Garden Designer Shows How To Create Your Own Monarch Butterfly Habitat

Learn how to make Monarch butterflies love to spend time in your garden, when garden and butterfly habitat designer David Snow visits the Museum of Ventura County’s Agriculture Museum in Santa Paula on Saturday, September 29 at 2:00 p.m. Snow demonstrates simple steps for home gardeners to create and maintain a Monarch habitat by planting what butterflies need to survive and reproduce. Cost to attend is museum general admission, free for museum members. For reservations, call 805- 525-3100.

Snow also brings plants and insect specimens, sheds light on the migratory habits of Monarch butterflies, and discusses how home habitats can contribute to species preservation. Such a garden also attracts hummingbirds and other birds such as the Yellow Swallow Tail and Morning Cloak.

Thousand Oaks resident Snow has been a landscape contractor and garden designer in Southern California for 18 years, and holds a degree in horticulture from Ventura College. Asked to create butterfly garden habitats for the Pasadena Showcase House of Design for several years, his designs are focused on native plants and water conservation and almost always include a butterfly habitat. A member of the Royal Horticultural Society, he lectures extensively and has volunteered his services to creating Monarch butterfly habitats for elementary schools in Thousand Oaks and Malibu. His work can also be seen at the Mission Oaks Bike Path in Camarillo, the College of the Canyons in Santa Clarita, and the Los Flores Community Garden in Thousand Oaks.

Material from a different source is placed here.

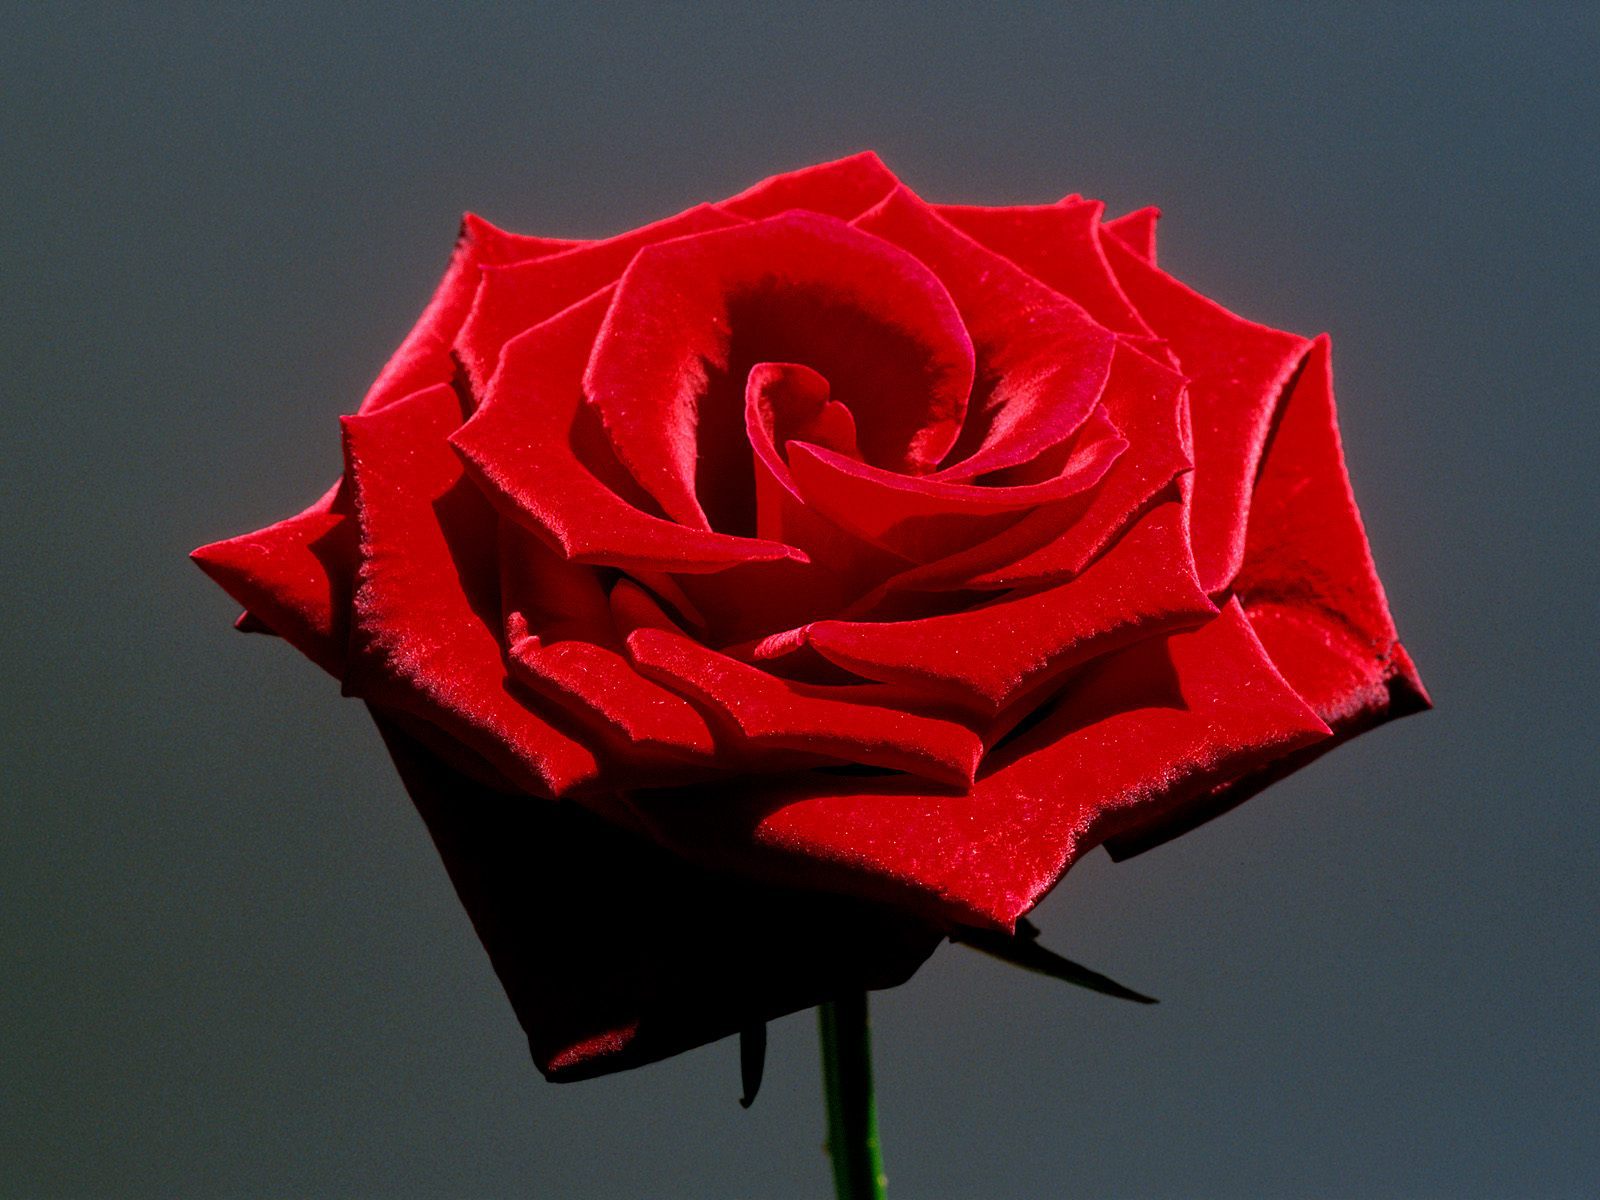 25+ Lovely and Beautiful Red Rose Pictures For Valentines ...

The Museum of Ventura County’s Agriculture Museum is located at 926 Railroad Avenue, Santa Paula, California, in their historic downtown, near the Depot and next to the railroad tracks. Hours are 10 a.m.– 4 p.m. Wednesday through Sunday. Admission is $4 adults, $3 seniors, $1 children 6-17, free for Museum of Ventura County members, and for children ages 5 and younger. On first Sundays of the month, general admission is always free. For more information, go to www.venturamuseum.org or call (805) 525-3100.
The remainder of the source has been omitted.